A portion of the former Elder-Beerman store was home to a Values Unlimited discount mart between October 2004 and March 2007. In July 2010, Merchants Outlet Mall opened, utilizing all of the 2-level store space, until its two-year lease expired in 2012.

Washington Square Mall was re-branded as Washington Square after it was purchased in November 2016 by a New York–based real estate developer. The new owner is doing business as Evansville Holdings LLC. Hahn Kiefer Real Estate Services will be the leasing agent and property manager. Over the next year improvements were slow to be made, but new parking lot lighting and signage have brought hope to nearby residents.

On Thursday, January 4, 2018, Sears Holdings announced they were closing 103 stores nationwide, including their location in Washington Square. On April 8, 2018, the Sears location closed for good in Washington Square Mall.
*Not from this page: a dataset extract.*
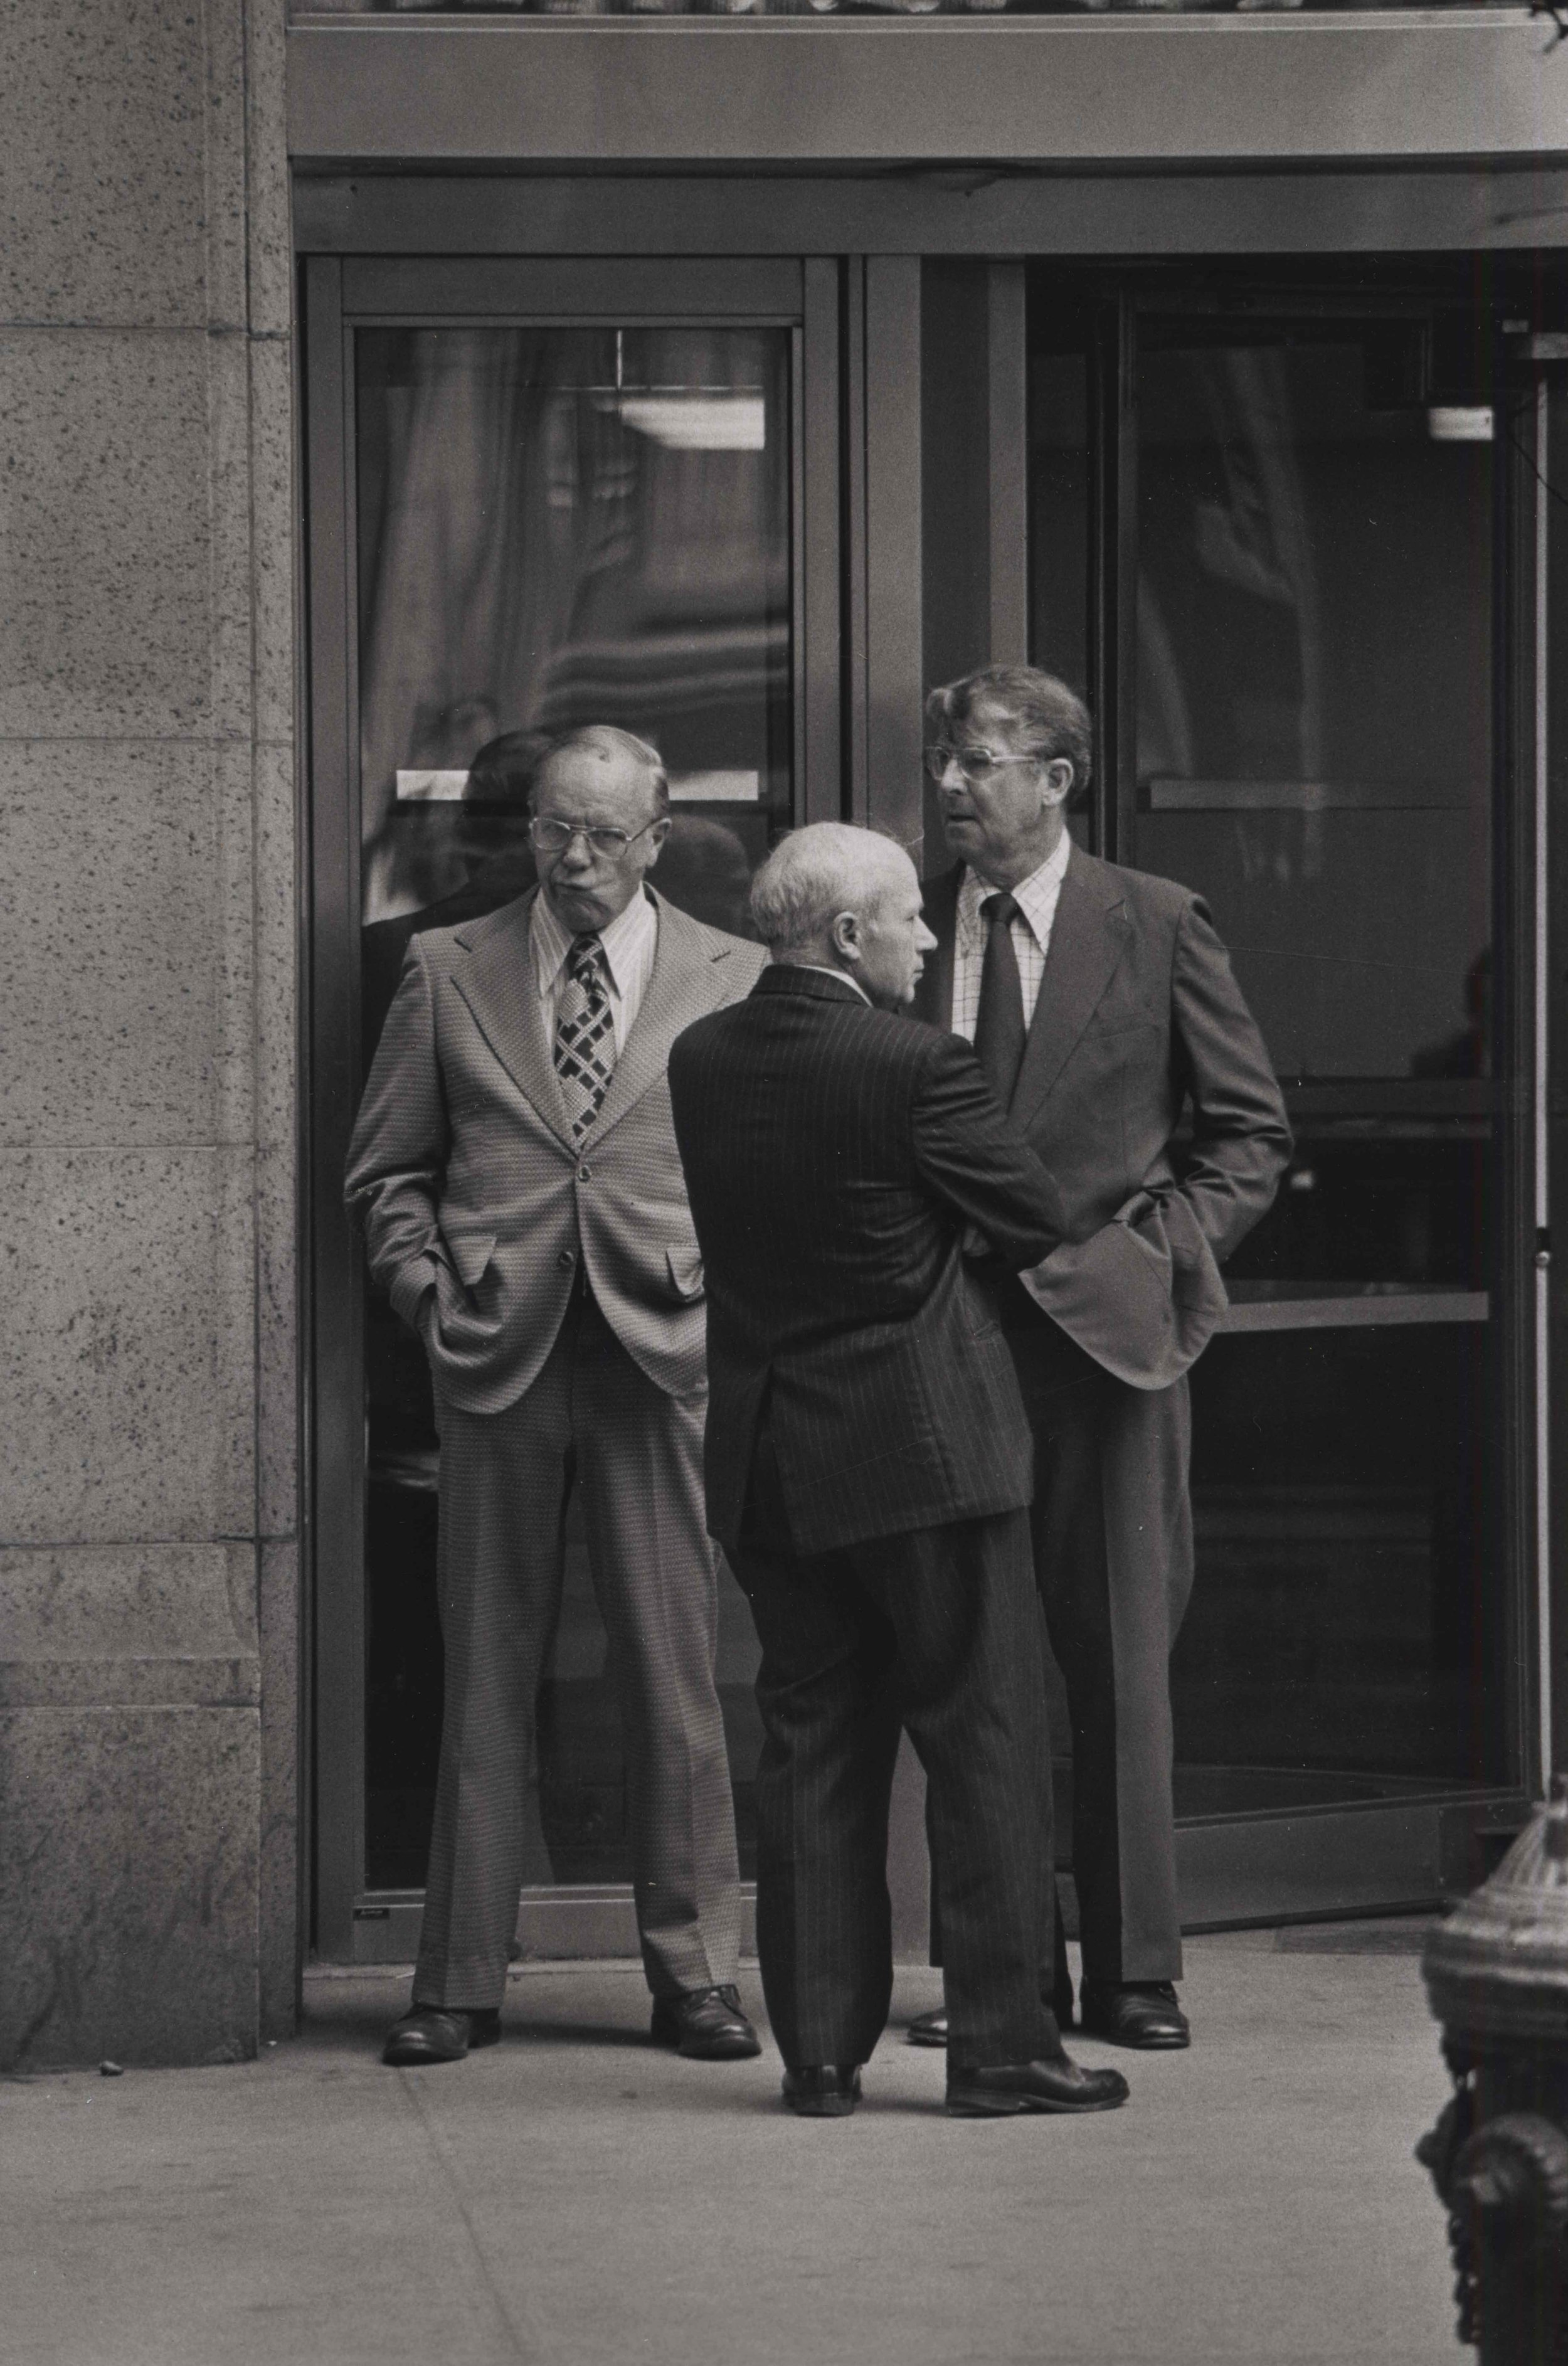 15_85_Three standing men in business suits_Dan Wynn Archive.jpeg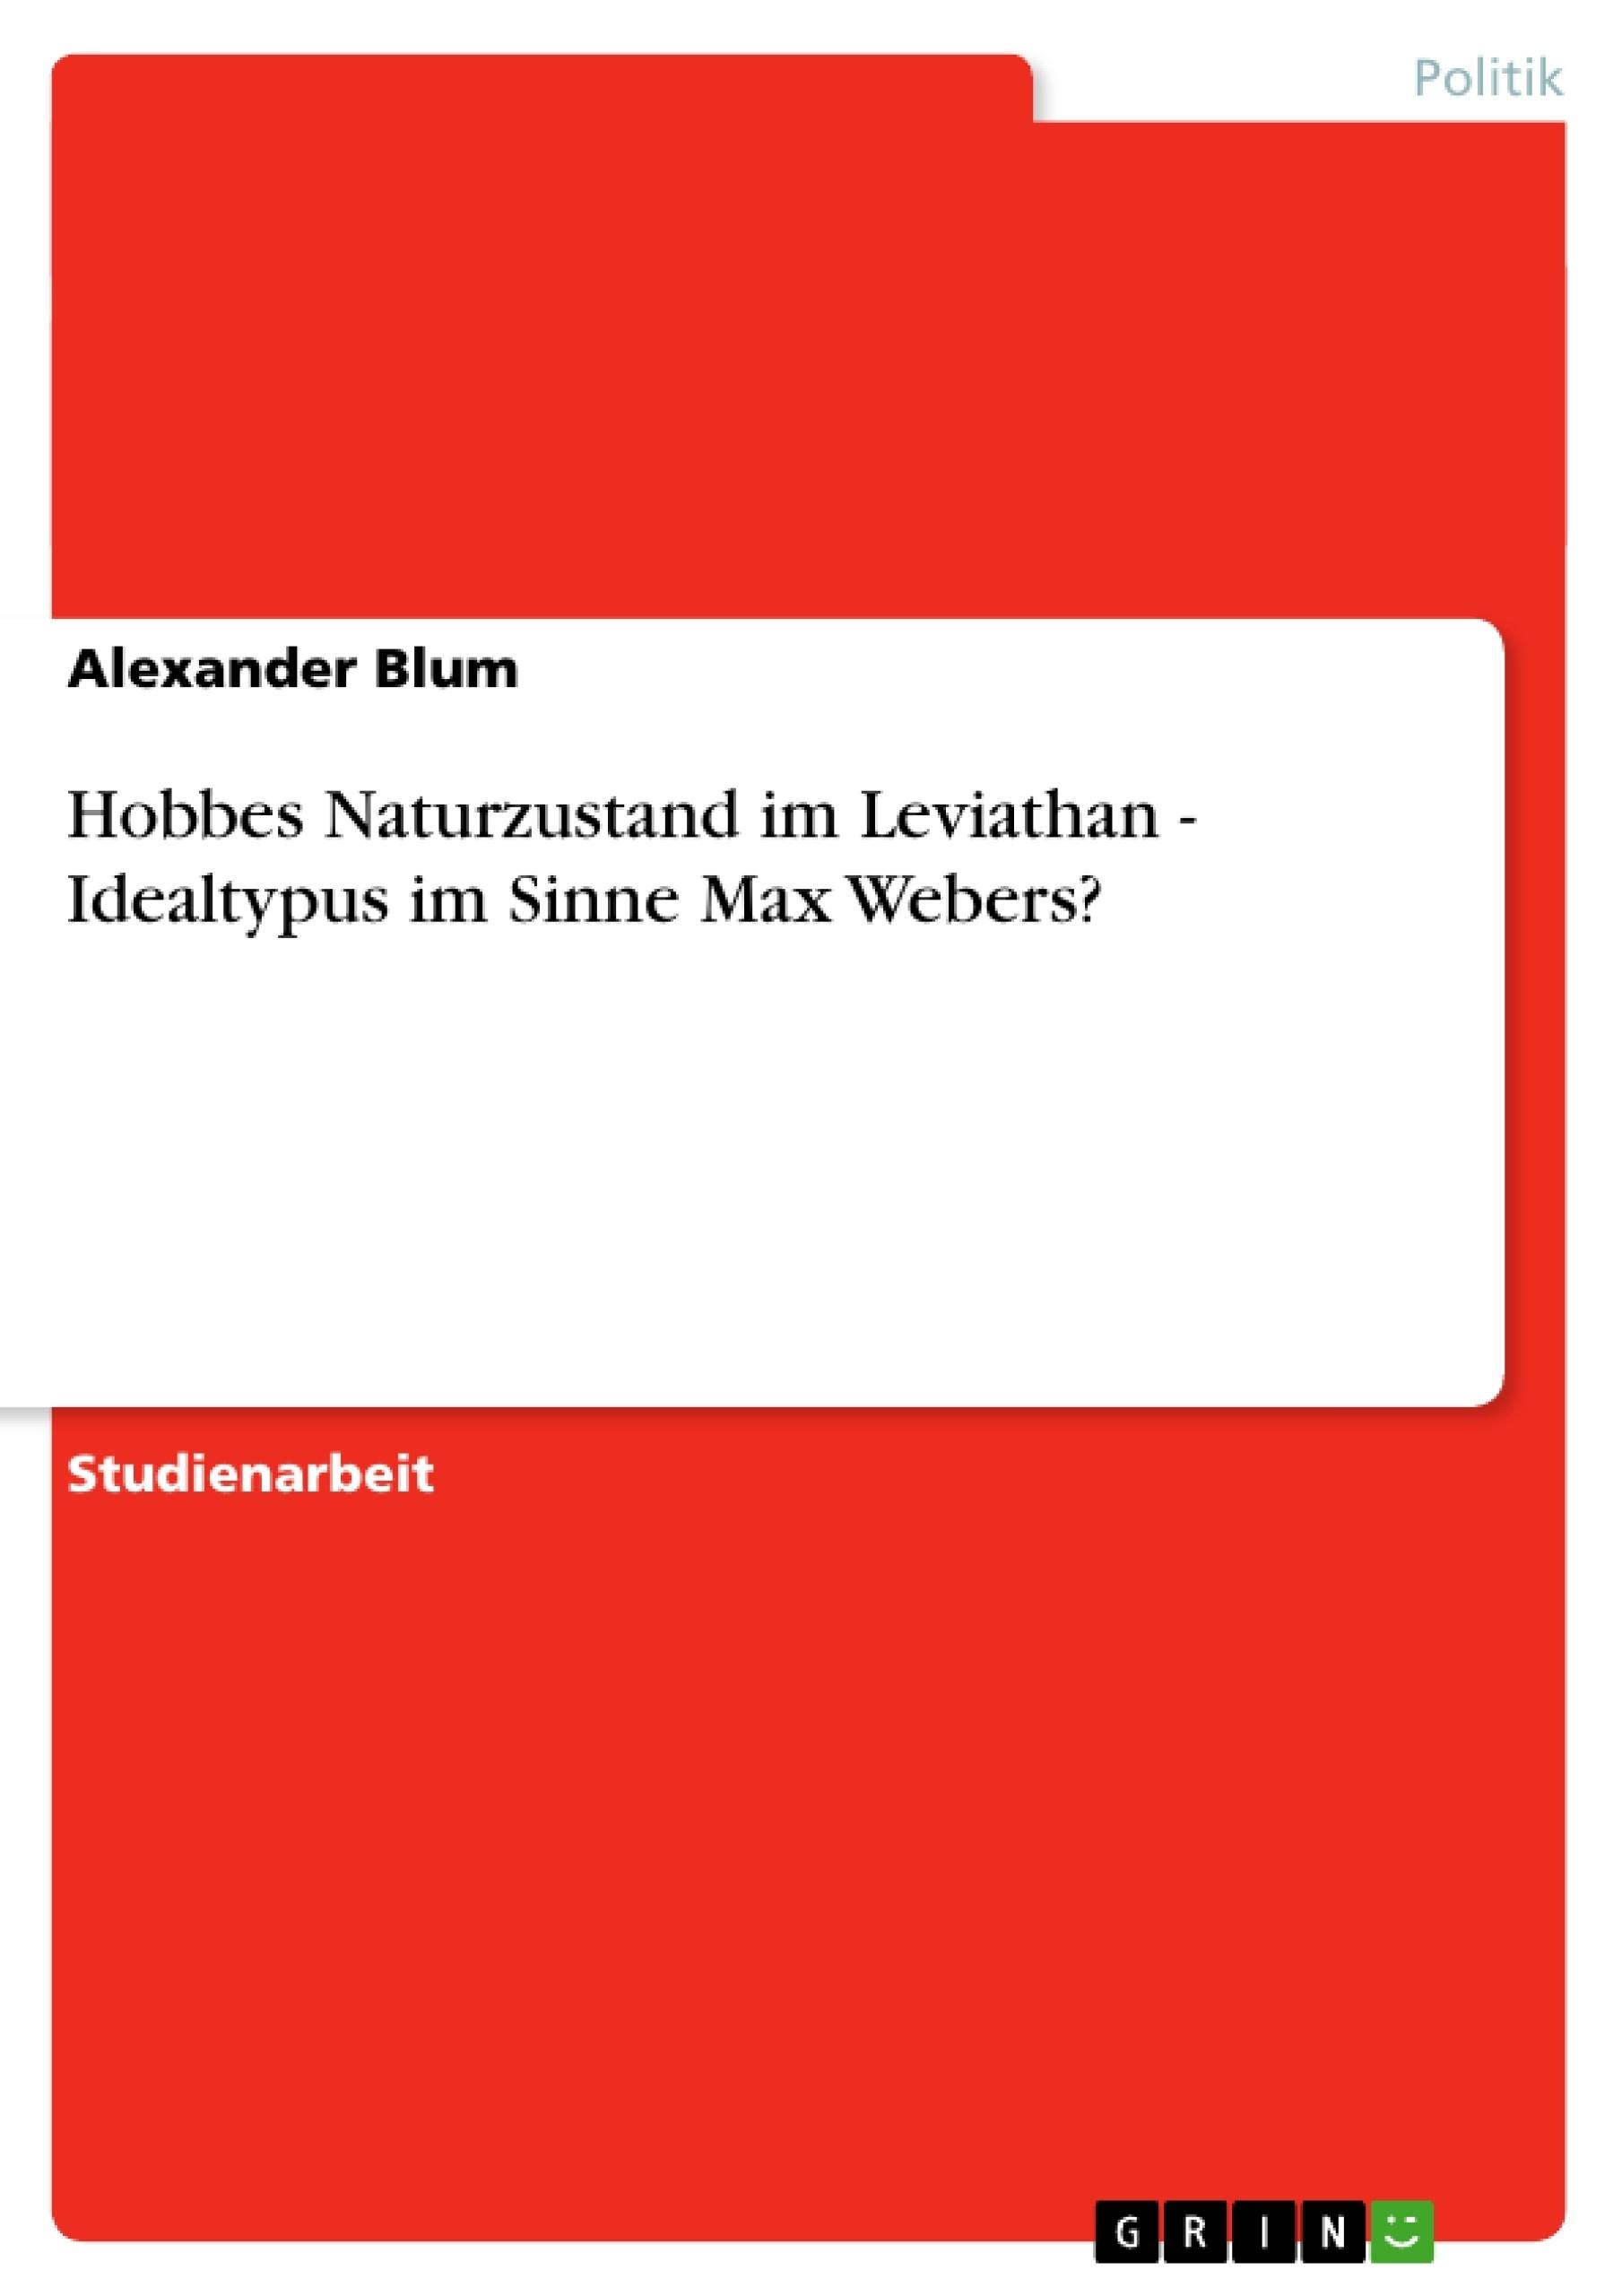 Titel: Hobbes Naturzustand im Leviathan - Idealtypus im Sinne Max Webers?

This left the mall with no anchor stores.

In January 2023, Goodwill Corporation announced it had acquired one of the mall's anchor sites where Sears previously resided, prior to its closing in 2018. This location will become the new Evansville Goodwill Corporate Headquarters.

This new location will include their main offices and mission services, thrift store, processing area, drive through drop off site, and approximately 25,000 square feet reserved for a new program called The Excel Center®.

Some of the newer staples of Washington Square include AnnaLe's Twice Chosen Bridal & Prom Consignment Shop (AnnaLe's moved to 4521 Lincoln Ave Suite 102, Evansville, IN 47714 in 2025), KC's Timeout Lounge, Noble Romans Pizza, The Thrift Store by Evansville Rescue Mission, and Mission Grounds Coffee Shop.